2.12 Glucose and lactate measurements, metabolic rate estimation

Glucose and lactate concentrations in the medium were determined using a blood gas analysis device (epoc®, Siemens) at three timepoints: immediately after medium exchange at day 4, and then 24 h and 48 h after the initial measurements. For the analysis 200 µL culture medium was drawn from culture chambers and either directly analyzed or stored for up to 1 week at −80°C before analysis. From the obtained concentrations of glucose and lactate in the medium, we calculated the amounts of metabolized glucose and produced lactate during 24 h and 48 h, taking into account the volume of medium in the culture chambers after the medium exchange (2.6 mL), the volume removed for analysis (200 µL for each measurement) and the evaporation. Evaporation was estimated from the increase in Na+ and Cl concentrations. Metabolic rate in mW/g and percentage of aerobic metabolism were calculated from the molar ratio of lactate produced and glucose metabolized, assuming slice dimensions of 5 × 5 × 0.25 mm3. These dimensions were assumed slighty smaller than the nominal size of the slices, assuming that myocytes at the borders were damaged due to cutting and trimming. We assumed 6 mol ATP per mol glucose during anaerobic glycolysis, producing 2 mol lactate, and additional 25 mol ATP per mol glucose if subjected to oxidative phosphorylation, indicated by the removal of 2 mol lactate. We presumed an energy turnover of 57 kJ per mol ATP.

2.13 Statistics

If not otherwise indicated, data are presented as mean ± standard error. Where applicable (multiple measurements within the same slice), a paired t-test was used. Otherwise, an unpaired two-tailed t-test was applied.

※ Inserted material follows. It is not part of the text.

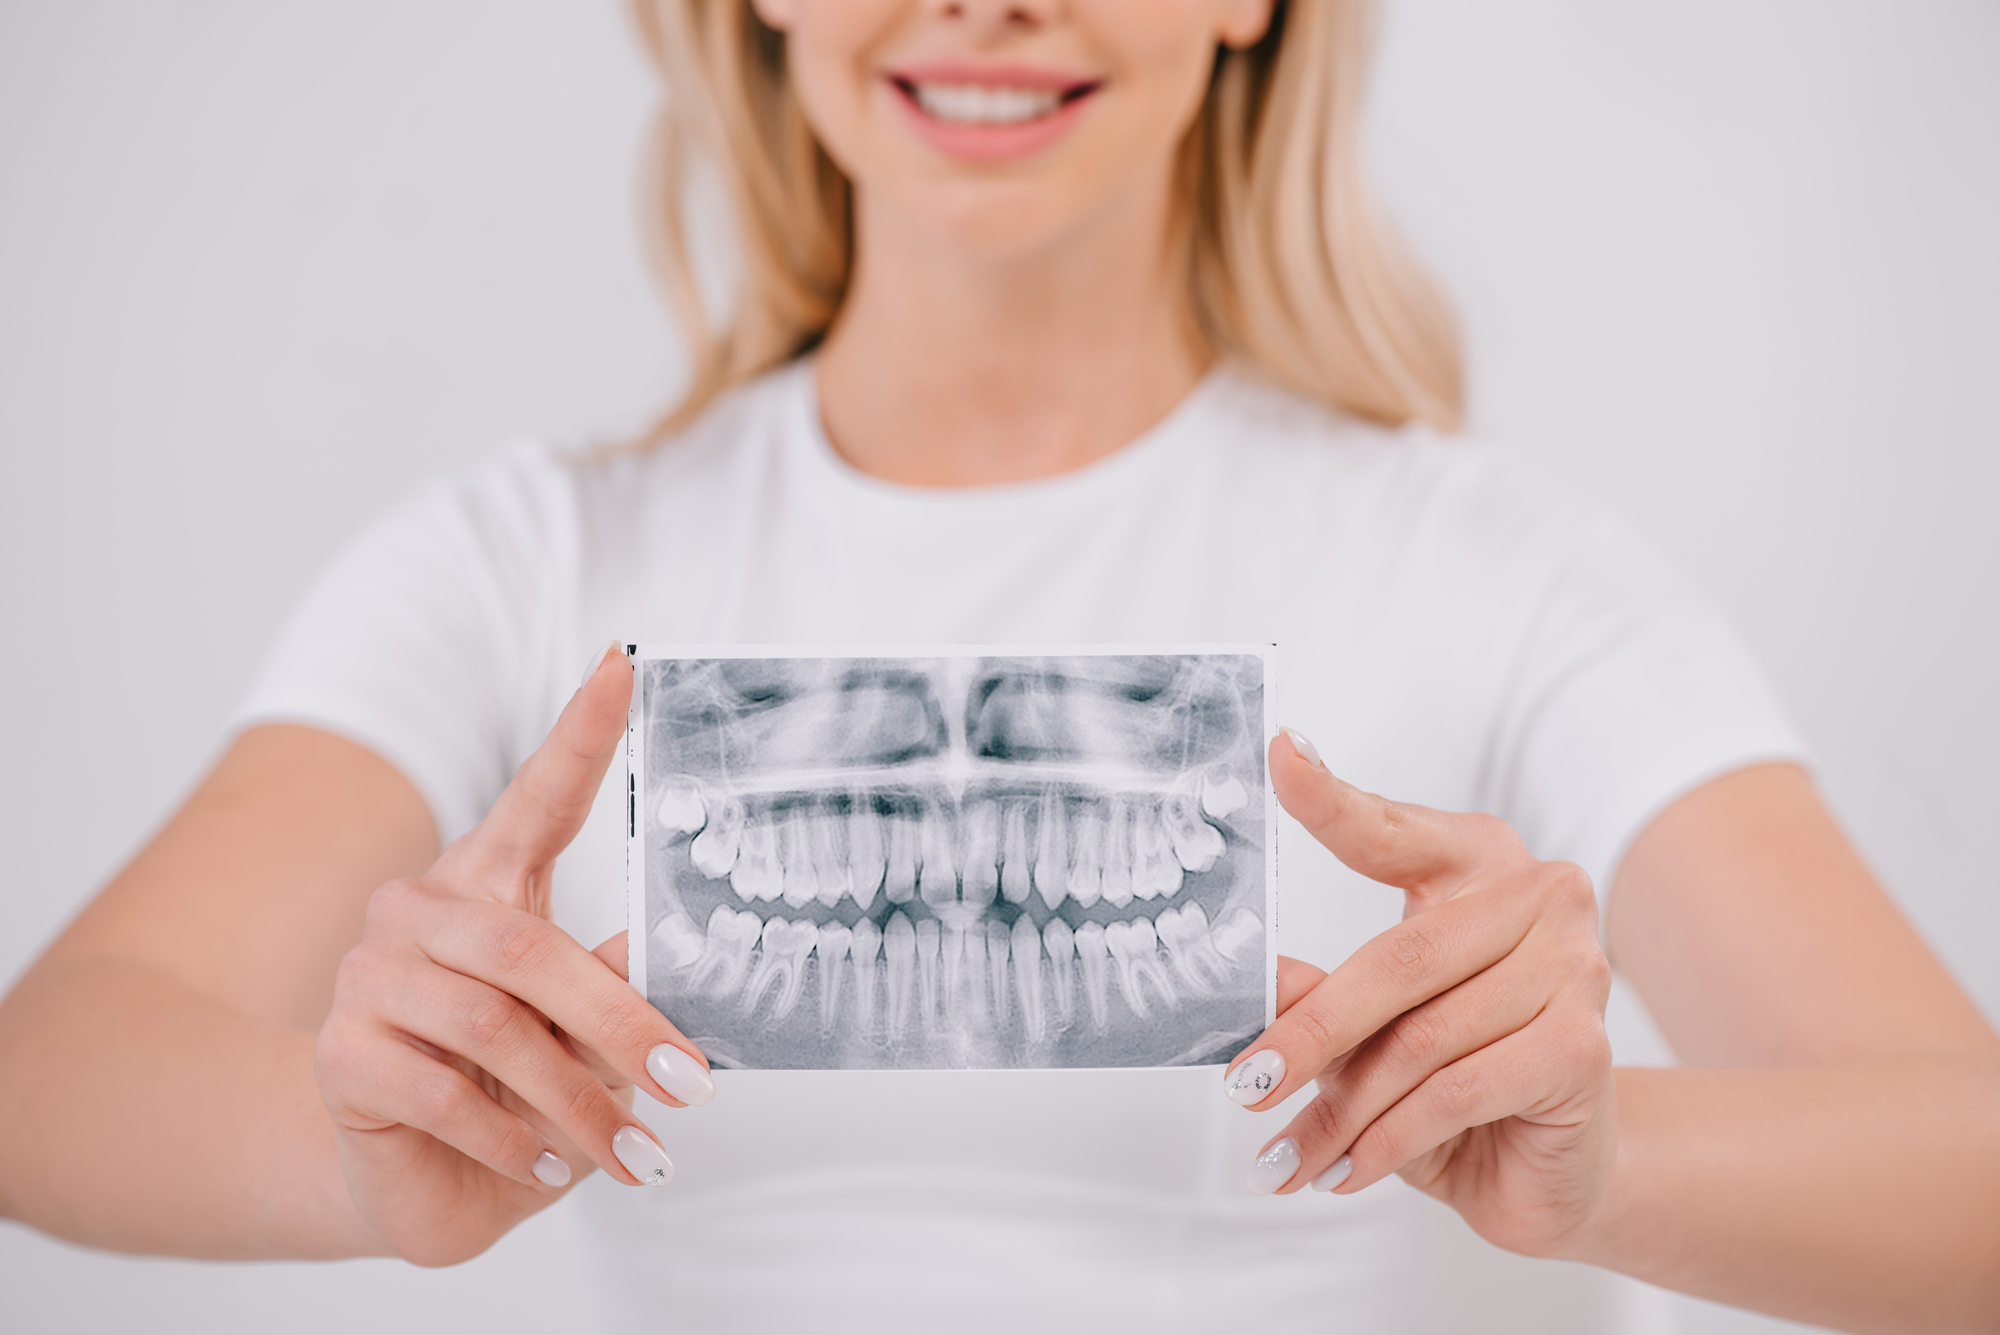 Woman with healthy teeth holding dental x-ray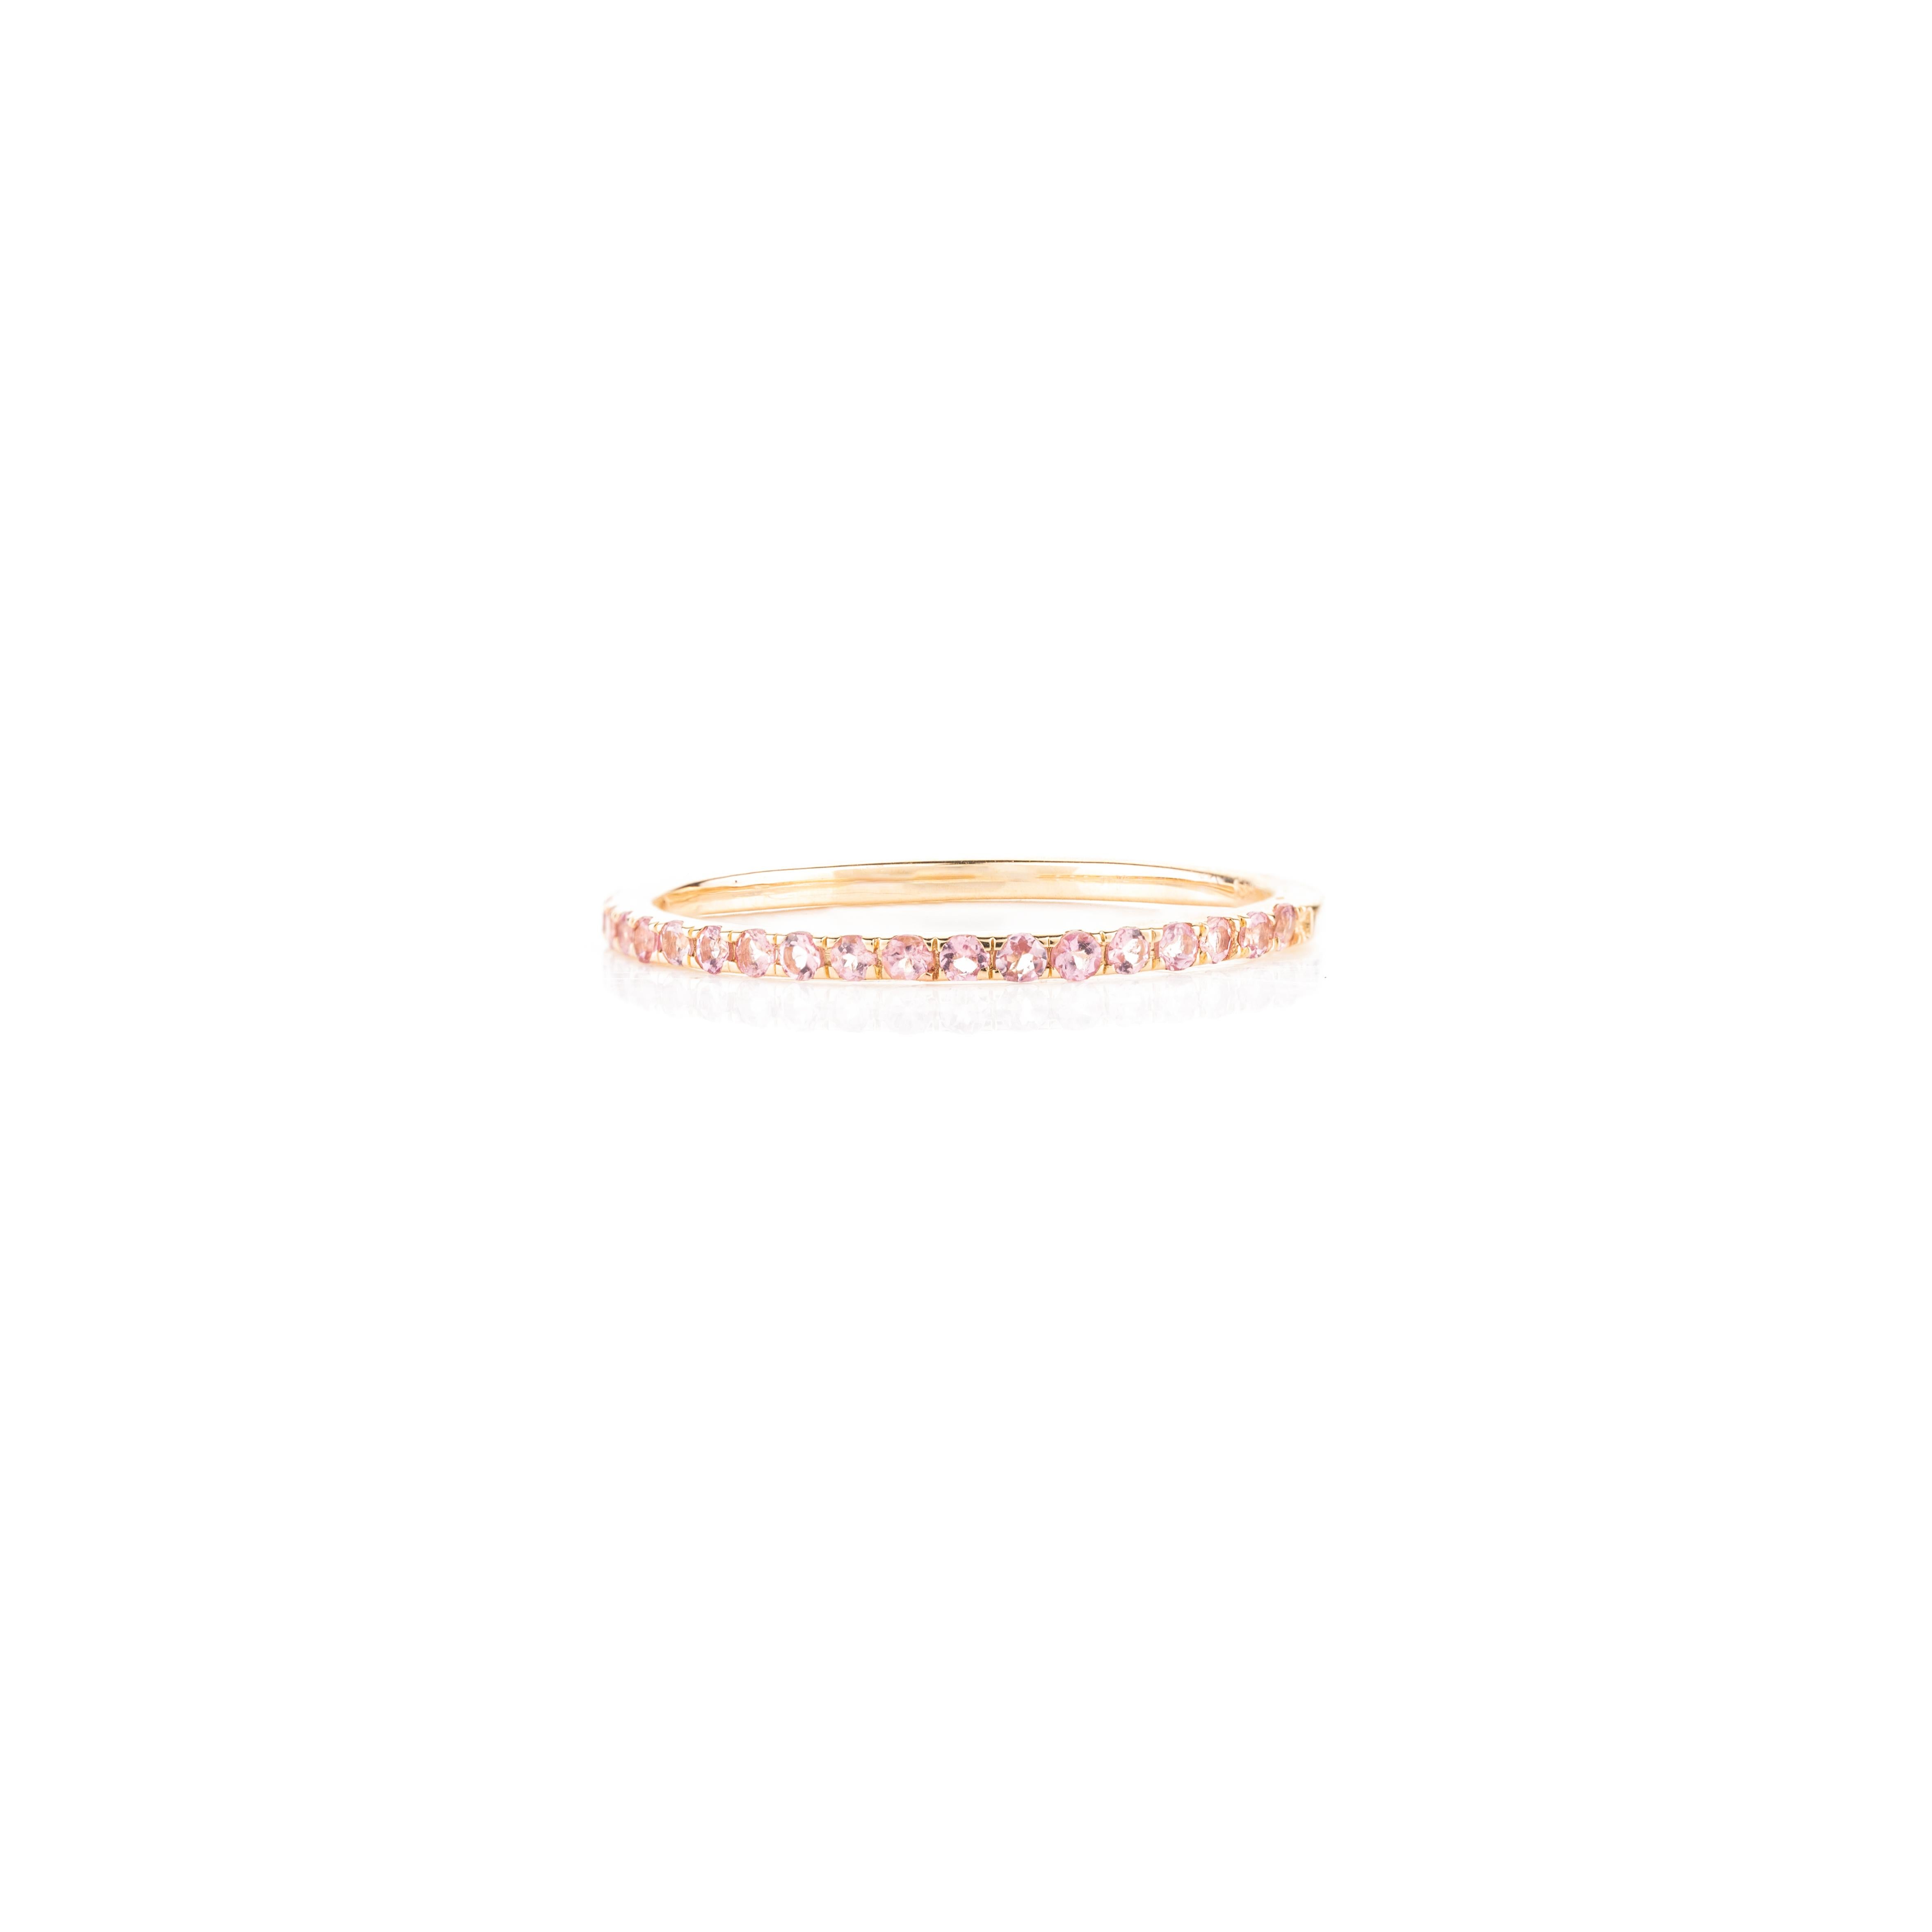 For Sale:  Stackable Thin 14k Solid Yellow Gold Tourmaline Band Ring Gift for Her 3

Assumptions about (un)equal variance are stated in the respective figure legends. If equal variances were assumed, this assumption was checked with Levene’s test for equal variances. When showing multiple comparisons within one chart or figure, the multiple comparison correction of p values according to Holm-Bonferroni was applied. The level of significance was set to α = 0.05.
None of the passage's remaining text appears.